══ LISTED RECORDS ══

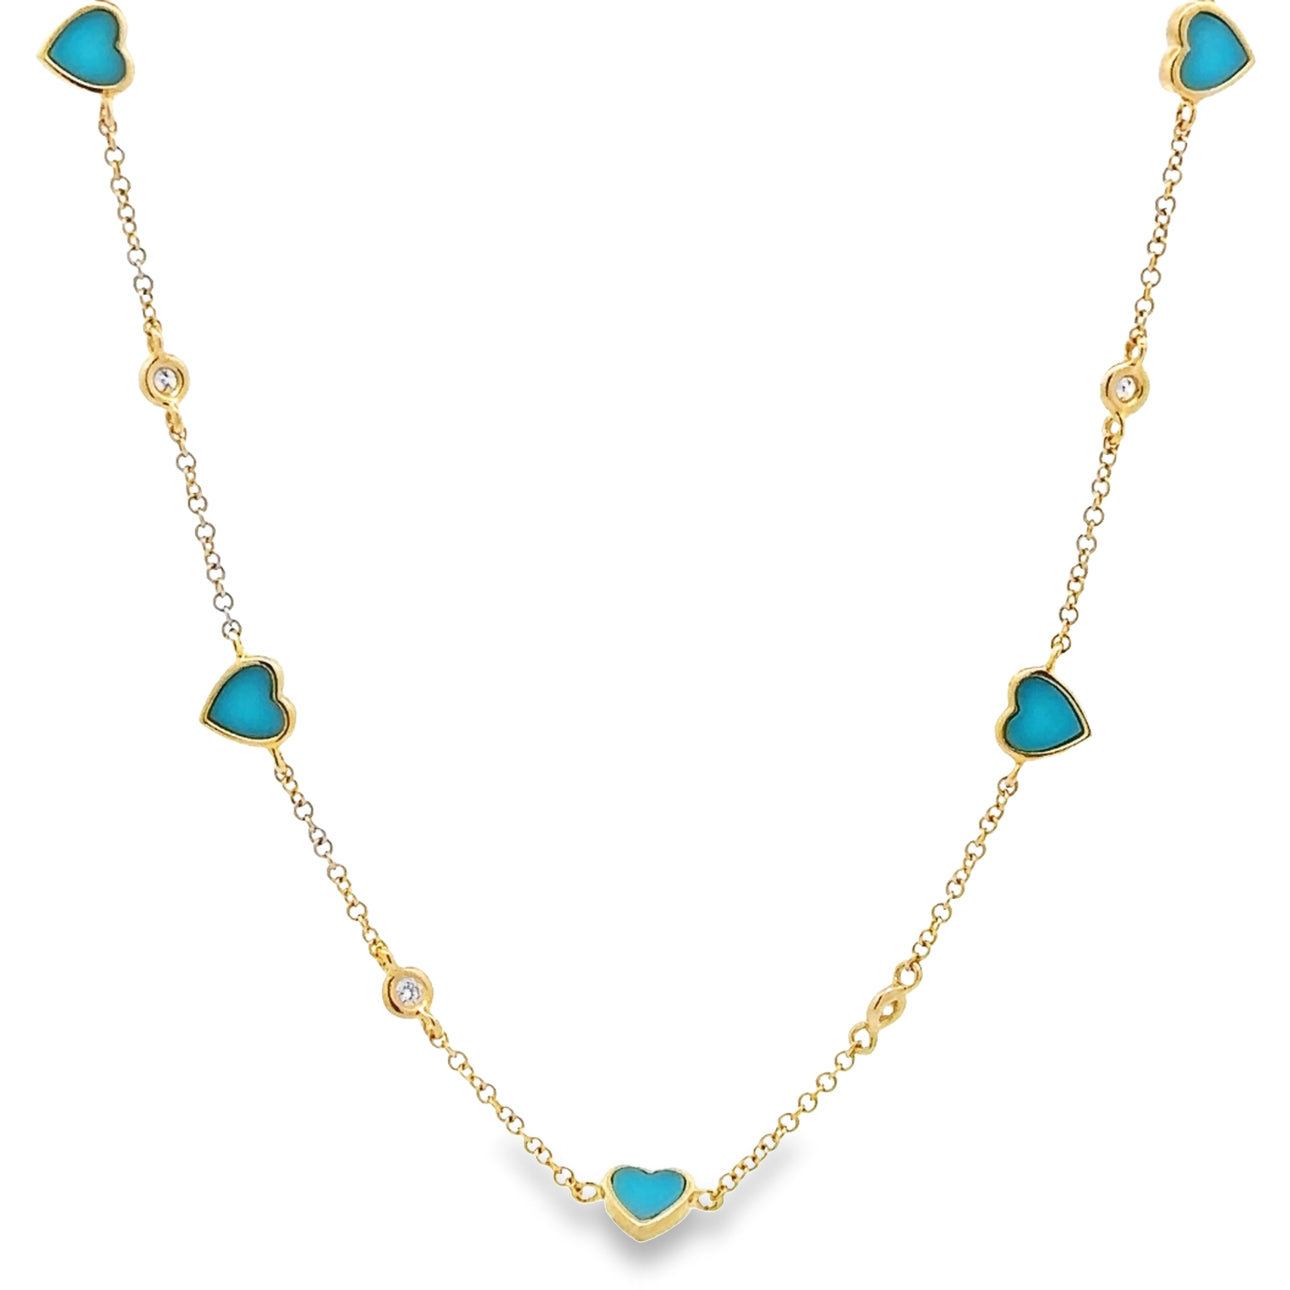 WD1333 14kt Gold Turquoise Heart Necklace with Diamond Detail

═══
══ LISTED RECORDS ══

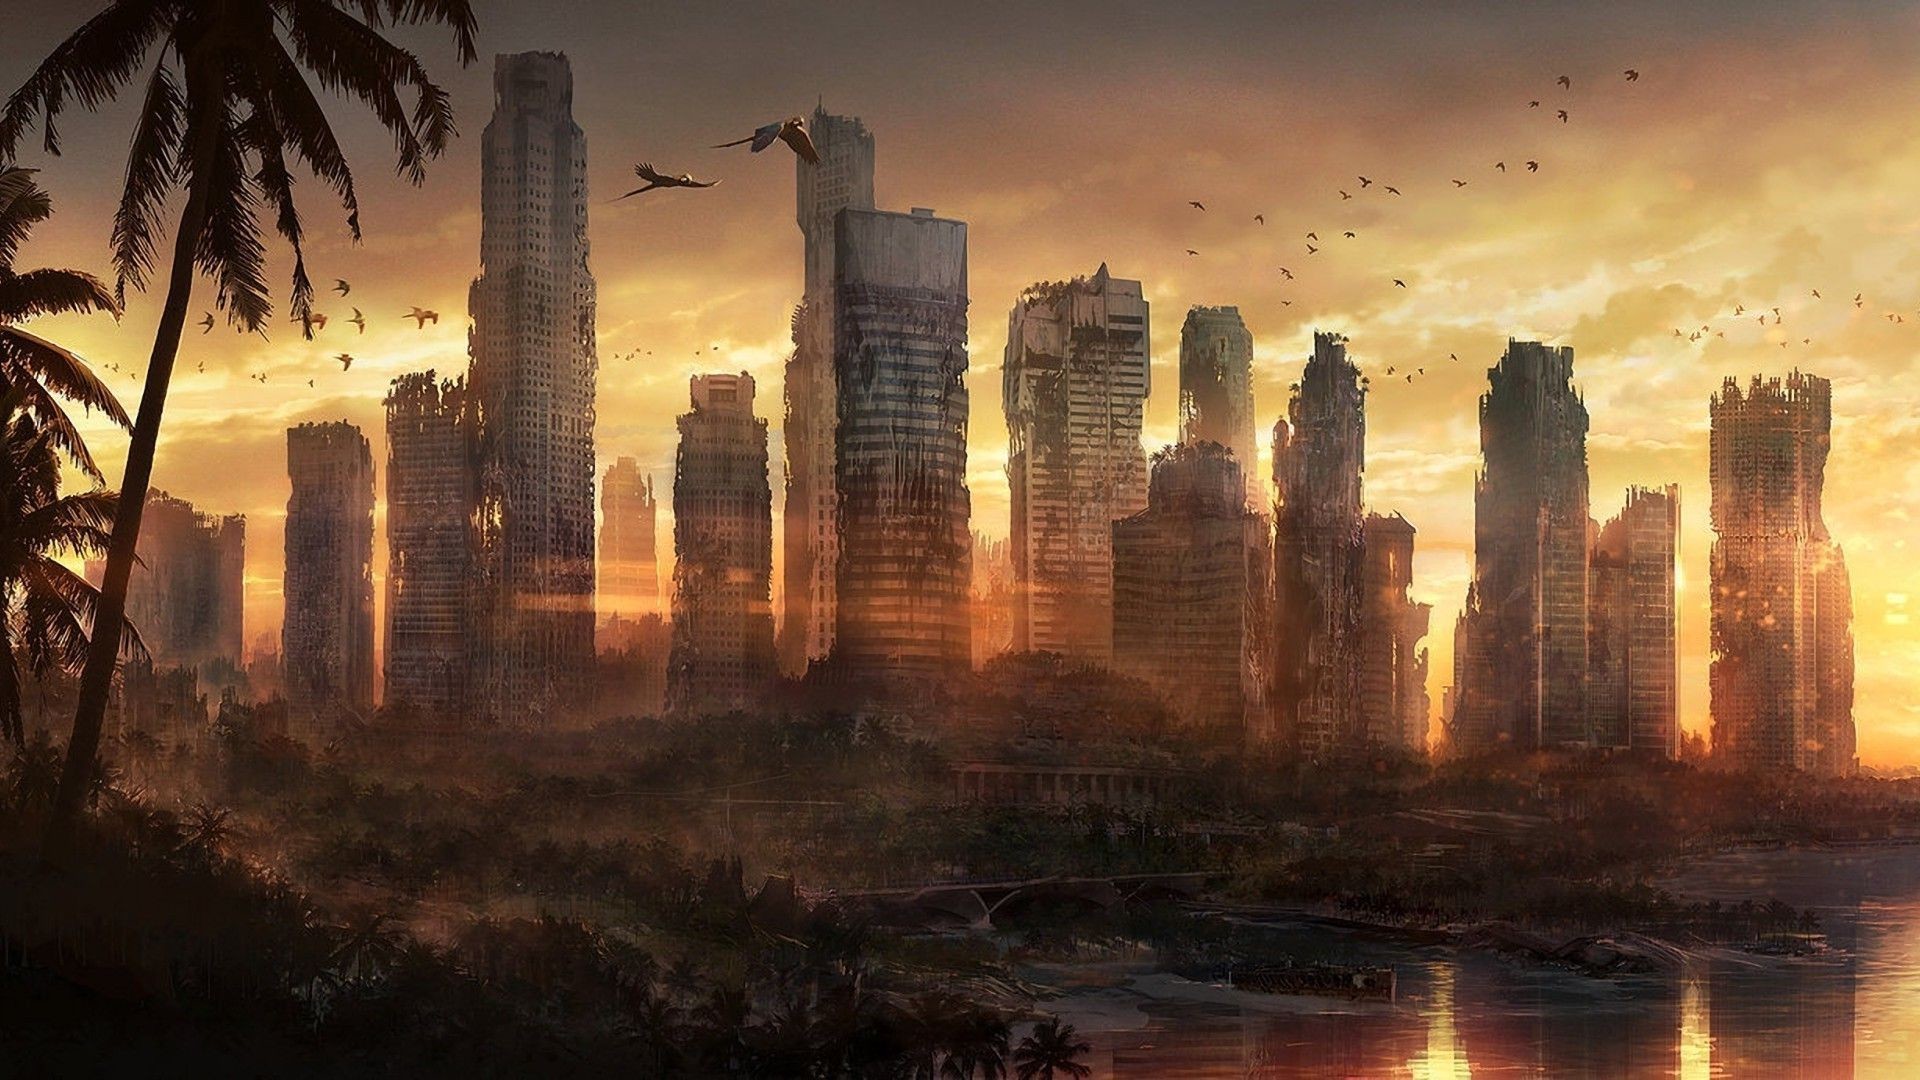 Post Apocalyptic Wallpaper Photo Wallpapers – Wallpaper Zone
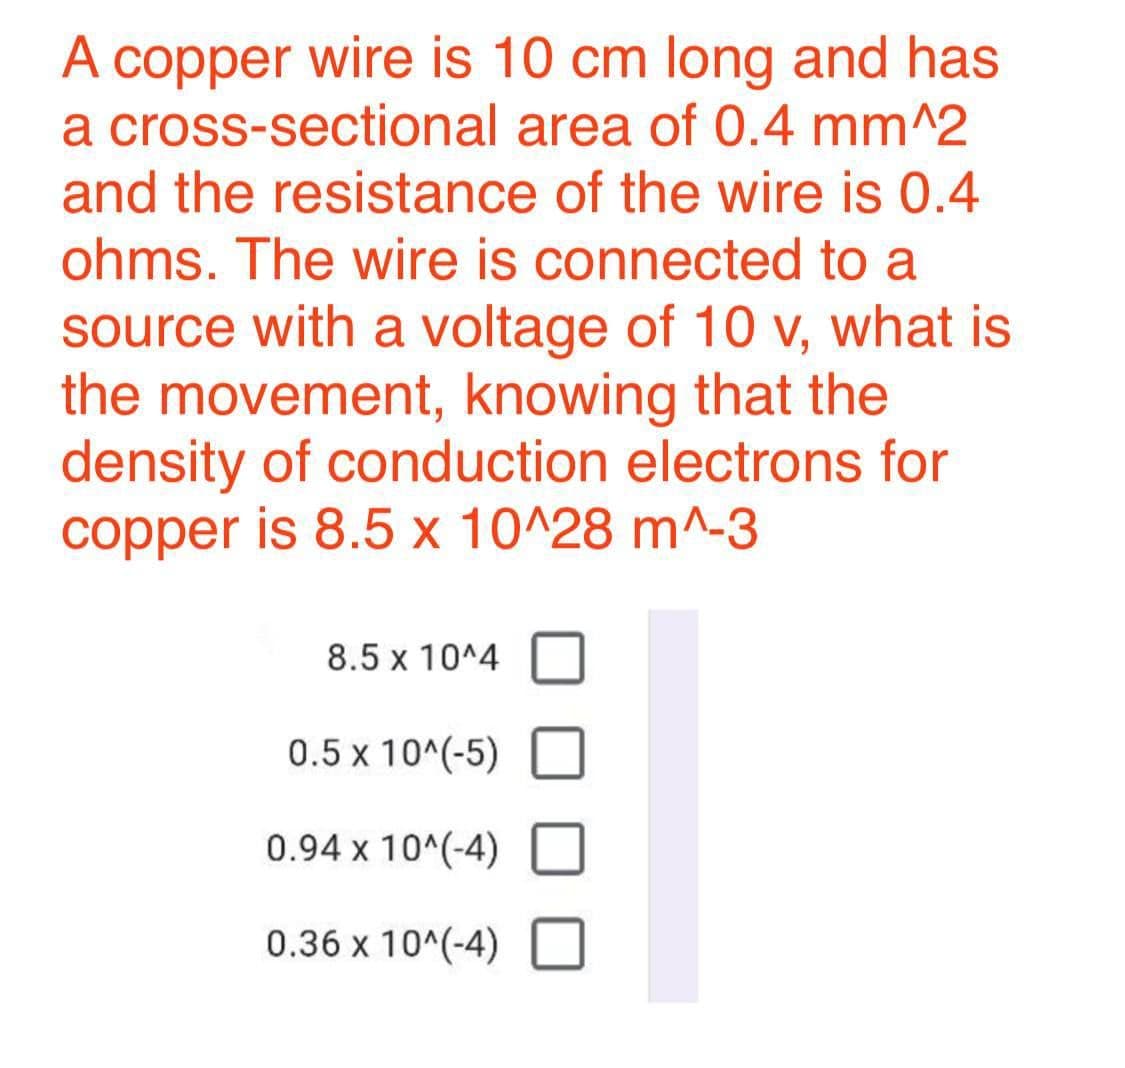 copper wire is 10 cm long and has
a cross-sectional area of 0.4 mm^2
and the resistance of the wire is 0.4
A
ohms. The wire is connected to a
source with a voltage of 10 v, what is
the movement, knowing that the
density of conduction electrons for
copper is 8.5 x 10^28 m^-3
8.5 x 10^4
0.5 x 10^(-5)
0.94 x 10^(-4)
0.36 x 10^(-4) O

═══

EXERCISE BRIEF - For this task, write out exactly the lines of the entries above, starting at the line with "ohms. The wire is connected to a" and ending at the line with "0.36 x 10^(-4) O", both included, and no others.

TASK RESULT -
ohms. The wire is connected to a
source with a voltage of 10 v, what is
the movement, knowing that the
density of conduction electrons for
copper is 8.5 x 10^28 m^-3
8.5 x 10^4
0.5 x 10^(-5)
0.94 x 10^(-4)
0.36 x 10^(-4) O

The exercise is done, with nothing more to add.